| Hypertension
(high blood pressure) affects nearly one
in three American adults, in the United
States and is the most common primary diagnosis
in America (35 million office visits as
the primary diagnosis). It is a risk factor
for heart disease and stroke, along with
abnormal cholesterol, tobacco use, diabetes,
overweight and physical inactivity. Current
control rates are still far below the Healthy
People 2010 goal of 50 percent; 30 percent
are still unaware they have hypertension.1
A consistent blood pressure reading of 140/90
mmHg or higher is considered hypertension.
Once high blood pressure develops, it
usually lasts a lifetime. The good news
is that it can be treated and controlled.
High blood pressure is called "the
silent killer" because it usually
has no symptoms. Some people may not find
out they have it until they have trouble
with their heart, brain, or kidneys. When
high blood pressure is not found and treated,
it can cause problems with these and other
organs.
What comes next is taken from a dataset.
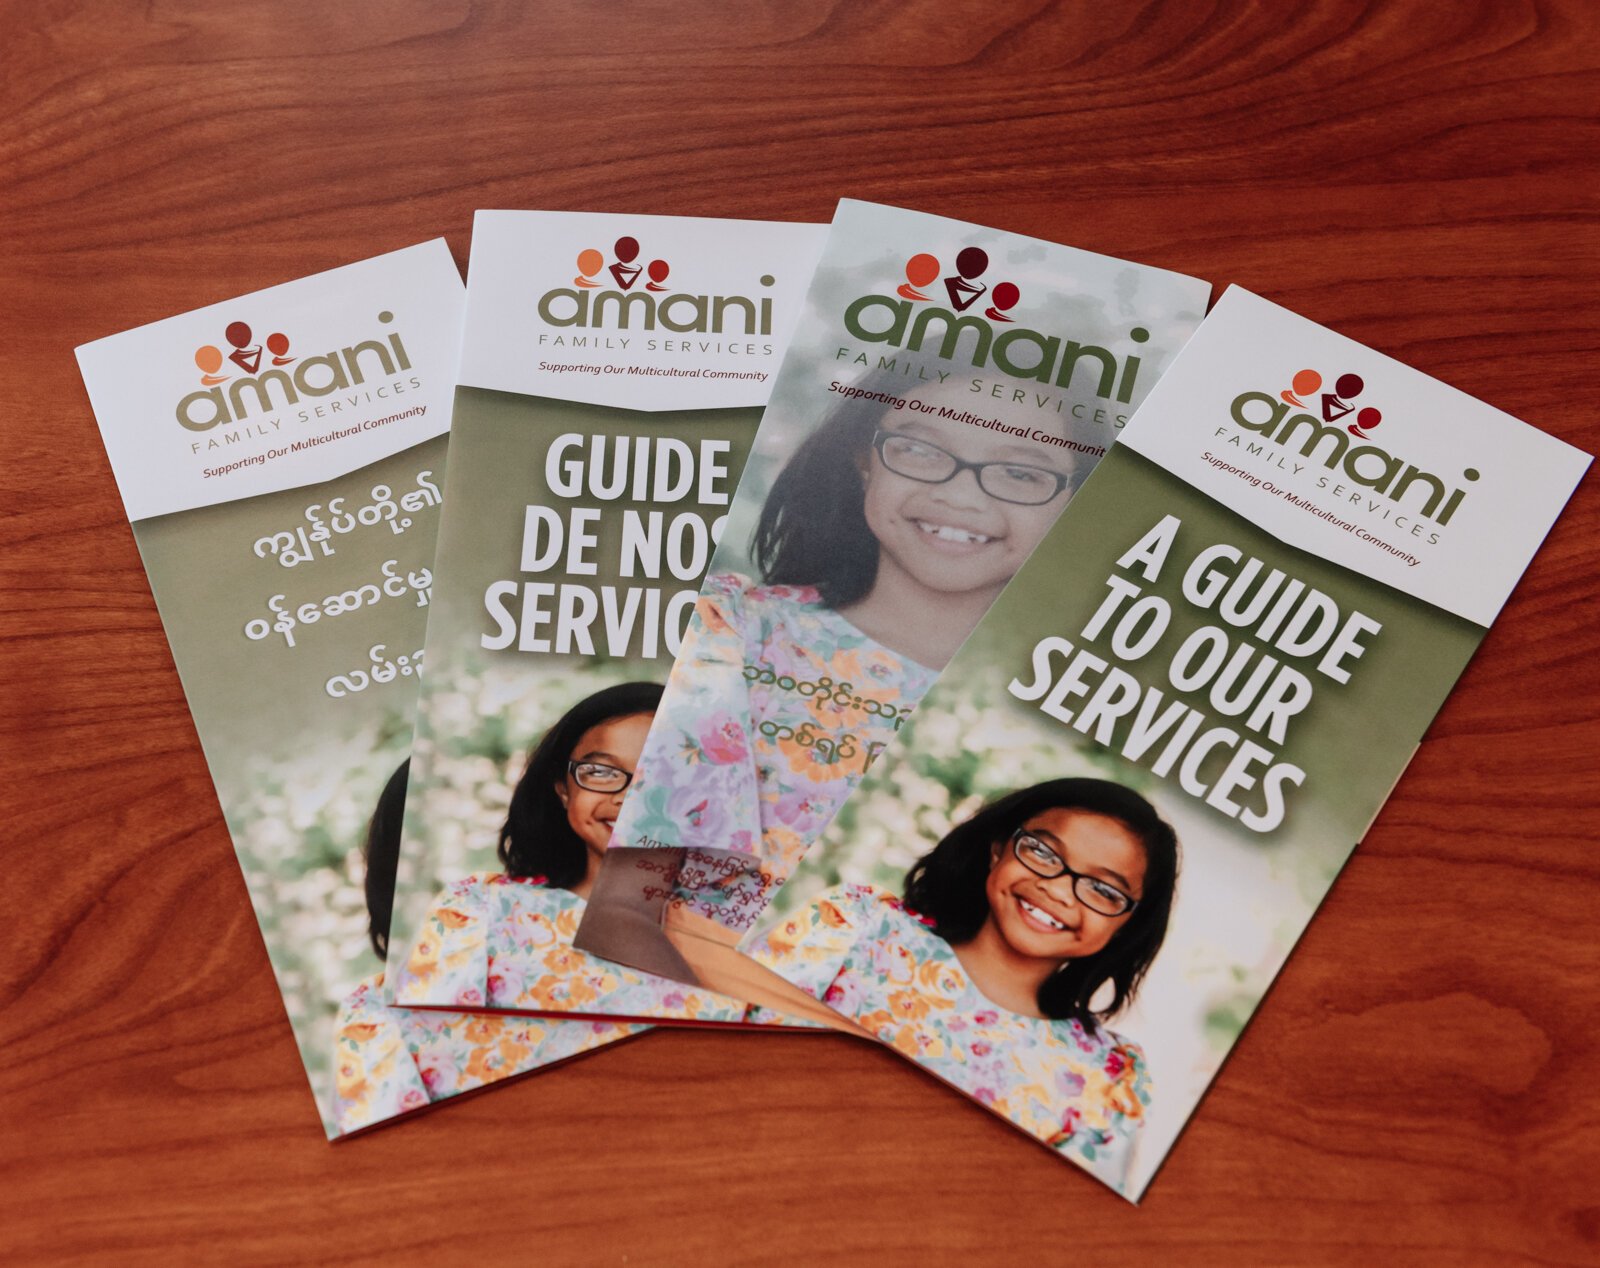 Pamphlets of services which are offered in 3 different languages at Amani Family Services in Fort Wayne.

See: http://www.nhlbi.nih.gov/health/dci/Diseases/Hbp/HBP_WhatIs.html
Hypertension is featured prominently
in the BPHC Health Disparities Collaborative:
http://www.healthdisparities.net/hdc/html/collaboratives.topics.cvd.aspx
and in HEDIS:
http://www.ncqa.org/Docs/SOHCQ_2005.pdf
(p. 37)
The main clinical practice guideline
for this measure is: The Seventh Report
of the Joint National Committee on Prevention,
Detection, Evaluation, and Treatment of
High Blood Pressure (JNC-7) NIH, NHLBI;
Dec 2003; see:
http://www.nhlbi.nih.gov/guidelines/hypertension/
Measurement of blood pressure:
Guidelines:
An accurate clinical diagnosis of hypertension
“is based upon the average of two
or more properly measured, seated blood
pressure readings on each of two or more
office visits” 2
The auscultatory method of BP measurement
with a properly calibrated and validated
instrument should be used. Persons should
be seated quietly for at least 5 minutes
in a chair (rather than on an exam table),
feet on the floor; and arm supported at
heart level.
Measurement of BP in the standing position
is indicated periodically, especially
in those at risk for postural hypotension.
An appropriate-sized cuff (cuff bladder
encircling at least 80 percent of the
upper arm) should be used to ensure accuracy.
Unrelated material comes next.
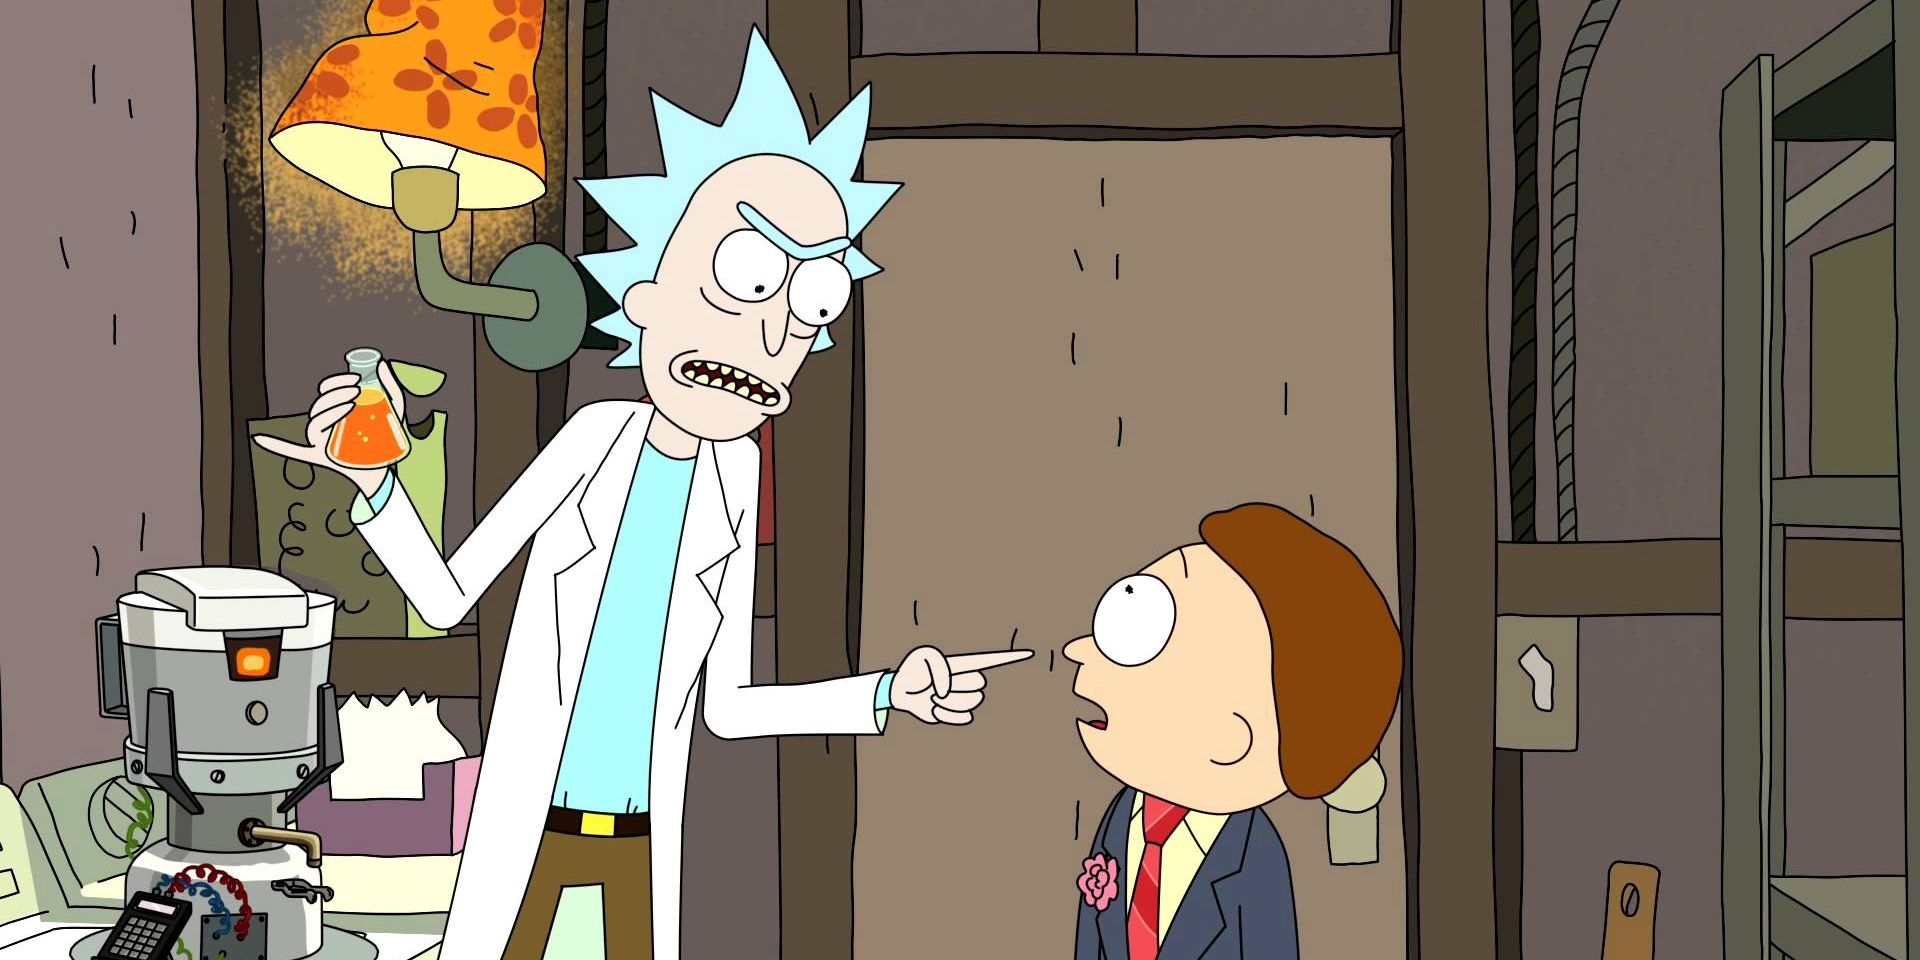 Rick yelling at Morty in Rick and Morty

At least two measurements should be made.
Systolic blood pressure is the point at
which the first of two or more sounds
is heard (phase 1), and diastolic blood
pressure is the point before the disappearance
of sounds (phase 5). Screening for hypertension
using automated machines by medical assistants
and others is common practice. However,
clinical diagnosis of hypertension should
be made based upon the above [auscultatory]
guidelines.
1Ibid, page 4.
2 The Seventh Report of the Joint National
Committee on Prevention, Detection, Evaluation,
and Treatment of High Blood Pressure(JNC-7)
NIH, NHLBI; Dec 2003; page 2; see:
http://www.nhlbi.nih.gov/guidelines/hypertension/jnc7full.pdf
This measure examines the continuity
of care at health center grantees for
hypertension screening and blood pressure
control, including provider education
and adherence, patient outreach and health
education, follow up, and appointment
systems for the existing screening protocol.